Problem to work on:
Drop all images. Then write out each line below exactly as given.
──────── Data block
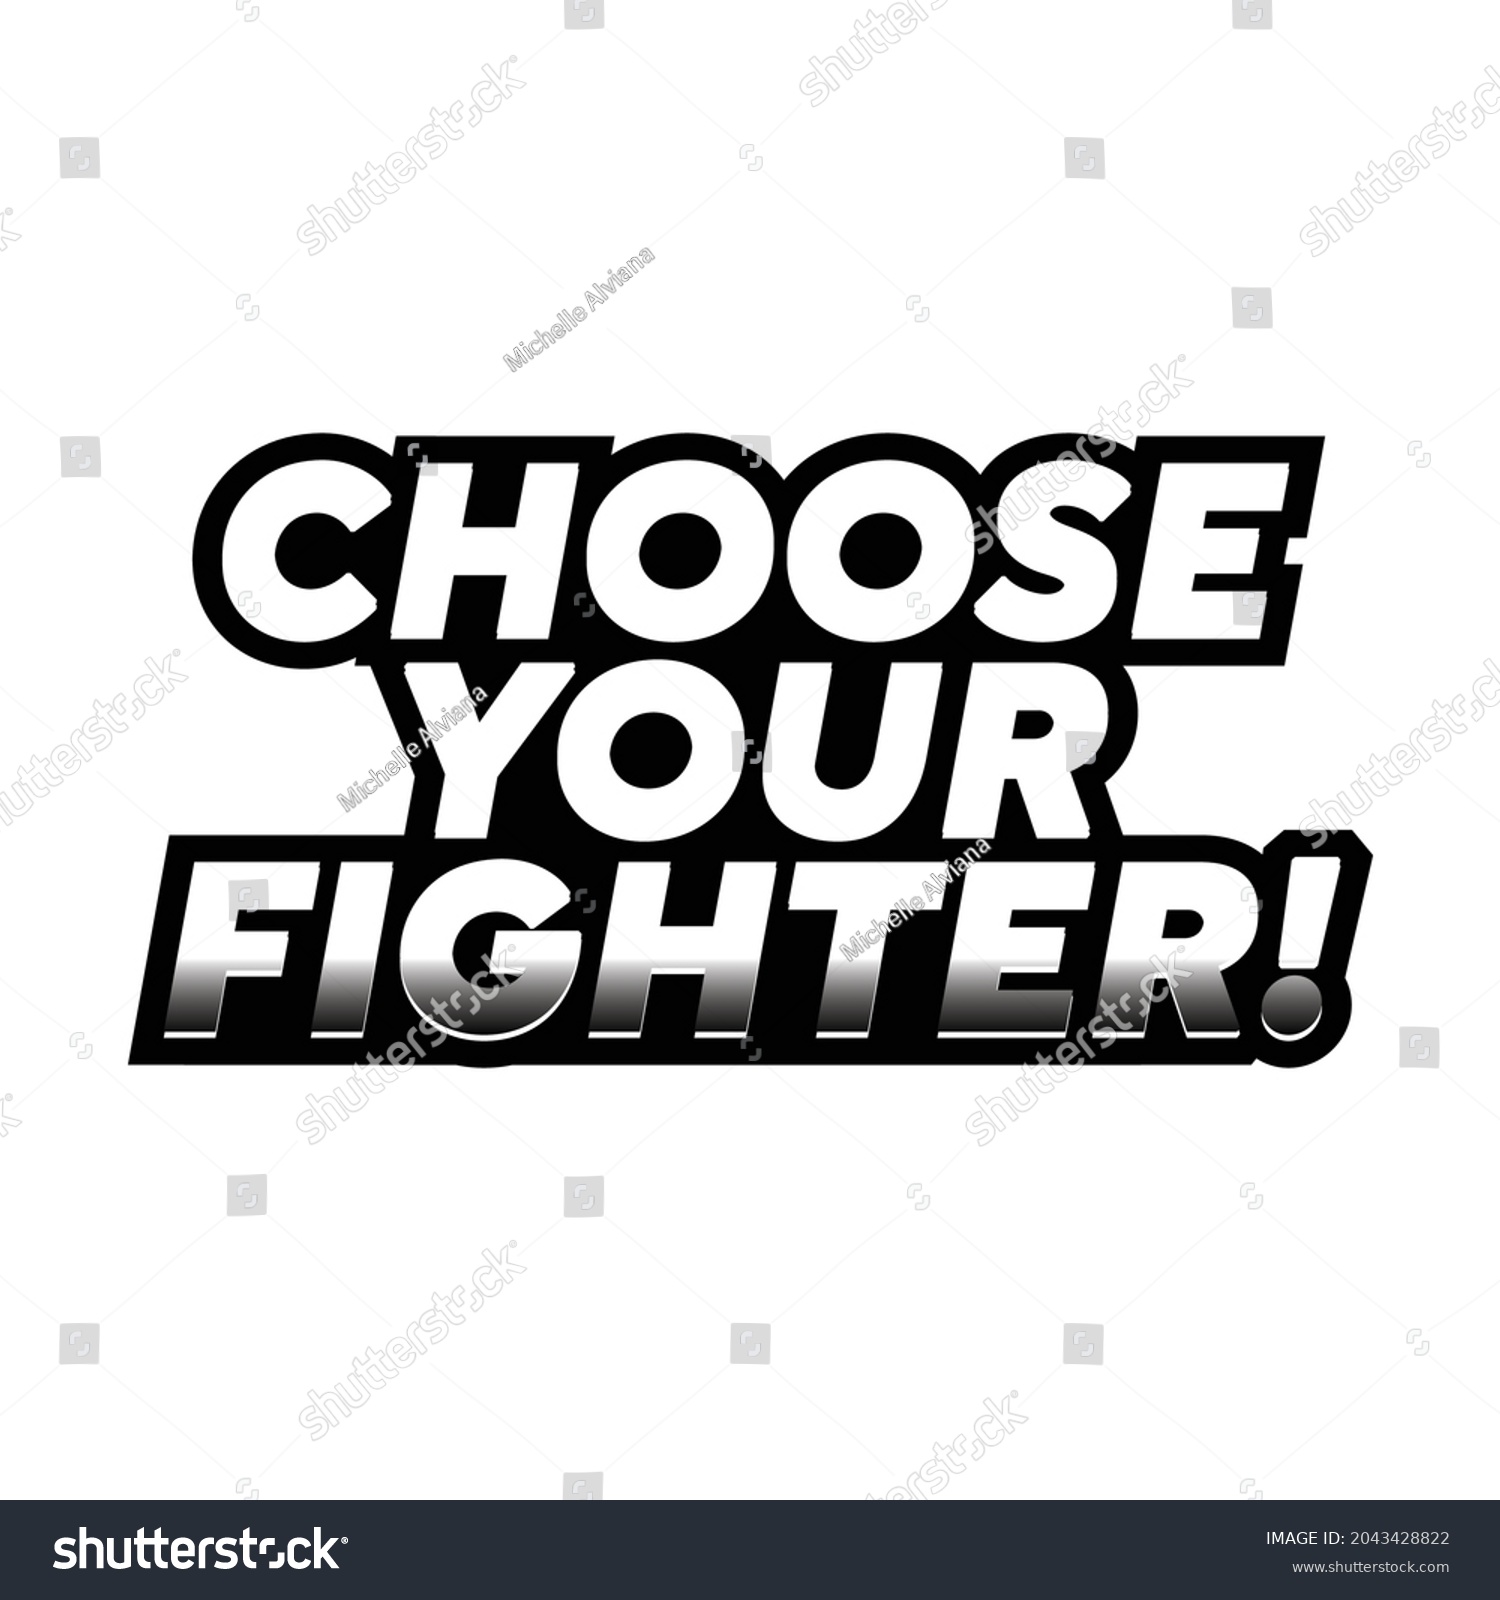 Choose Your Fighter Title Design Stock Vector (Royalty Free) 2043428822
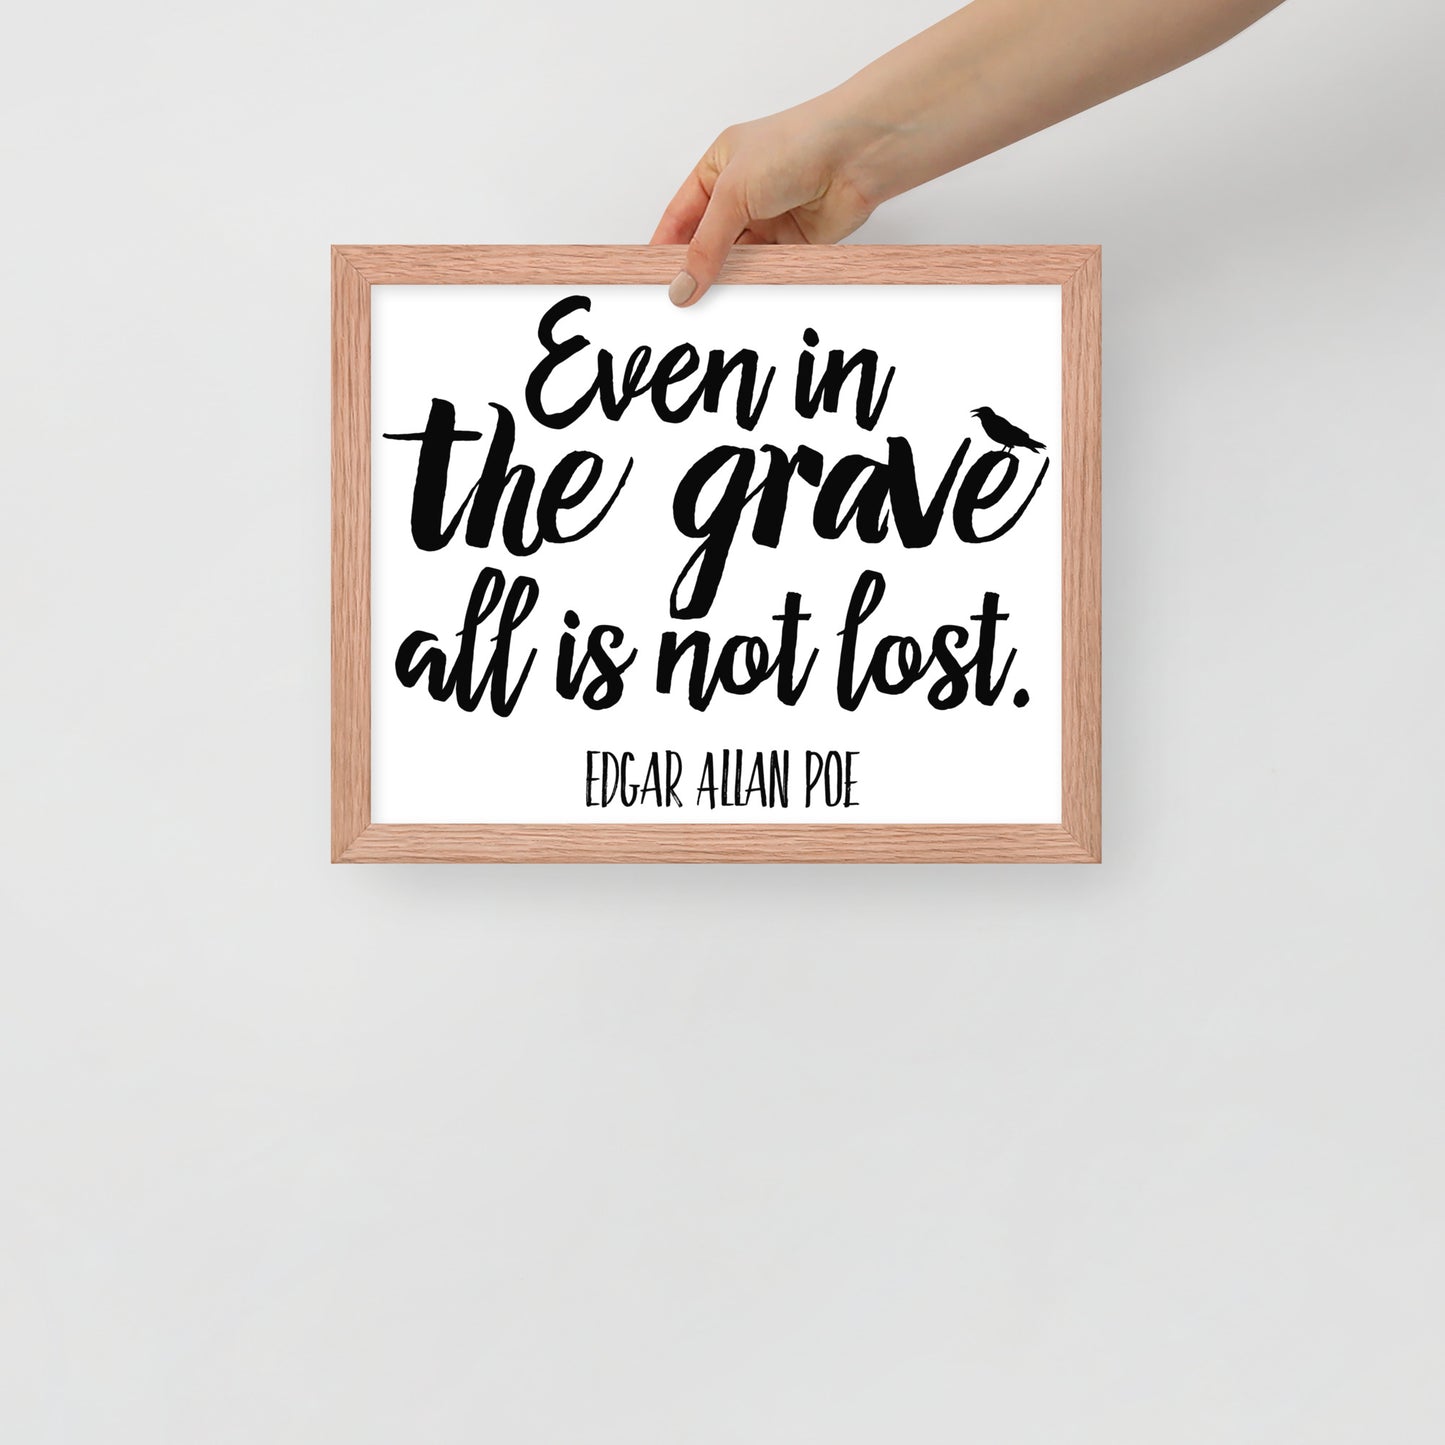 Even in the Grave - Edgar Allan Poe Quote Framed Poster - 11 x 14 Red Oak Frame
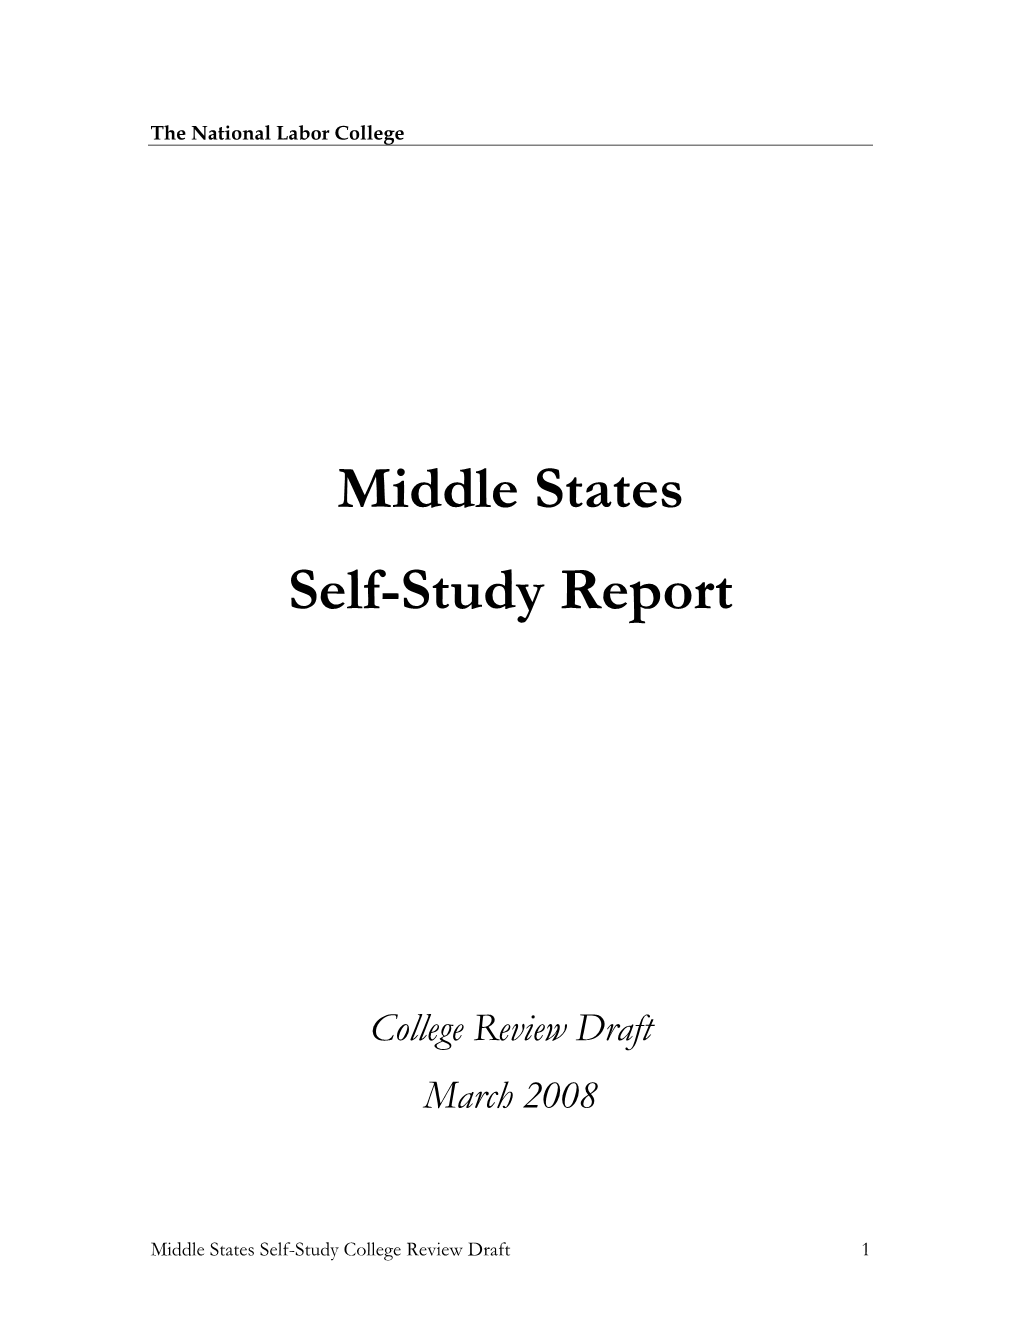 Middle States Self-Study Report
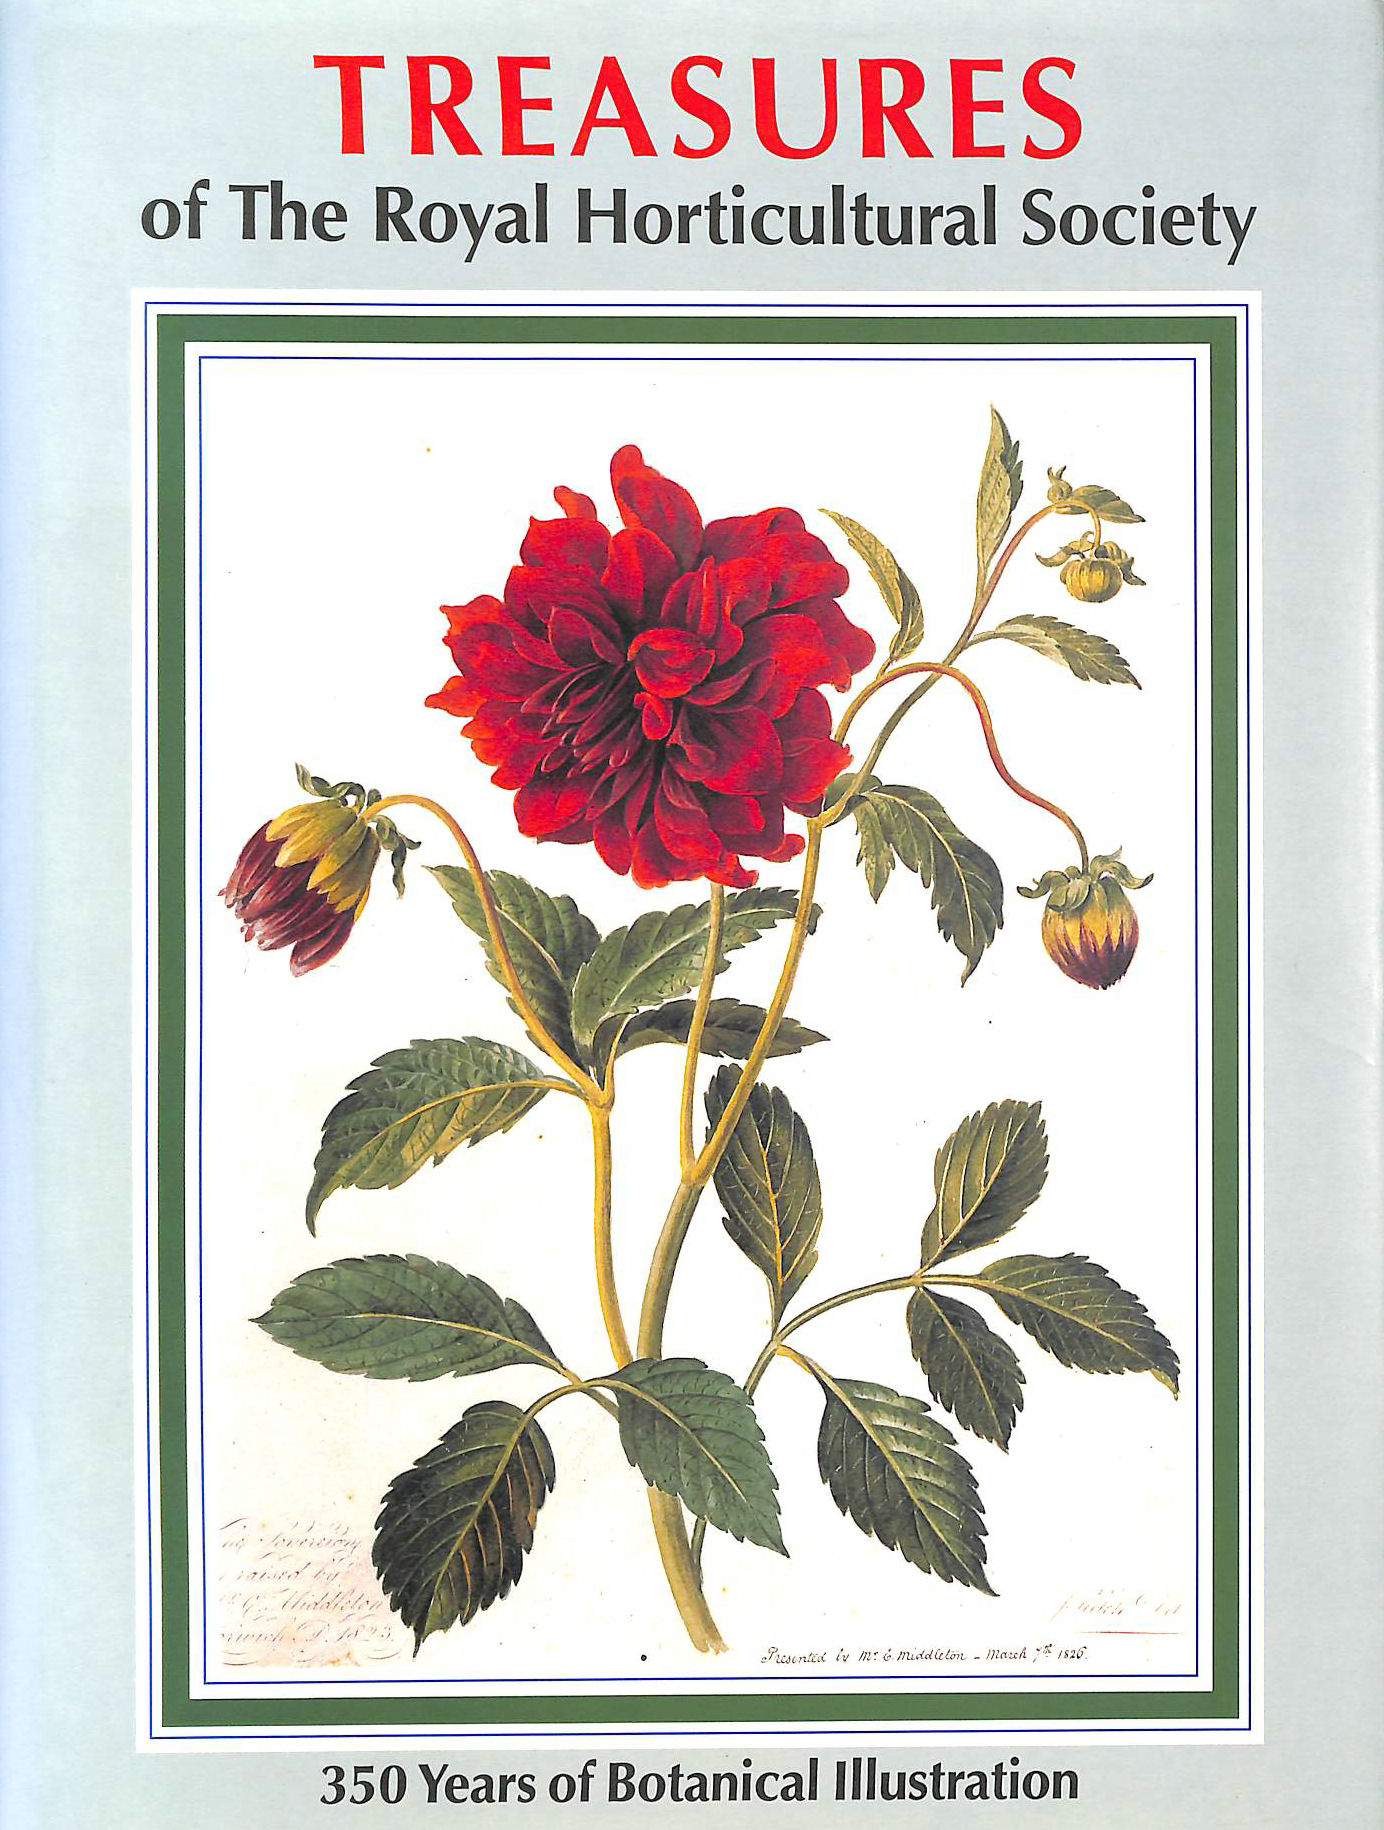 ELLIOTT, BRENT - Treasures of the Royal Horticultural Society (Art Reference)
────────────────
Task response:
 Choose Your Fighter Title Design Stock Vector (Royalty Free) 2043428822
 Even in the Grave - Edgar Allan Poe Quote Framed Poster - 11 x 14 Red Oak Frame
 Middle States Self-Study Report
 ELLIOTT, BRENT - Treasures of the Royal Horticultural Society (Art Reference)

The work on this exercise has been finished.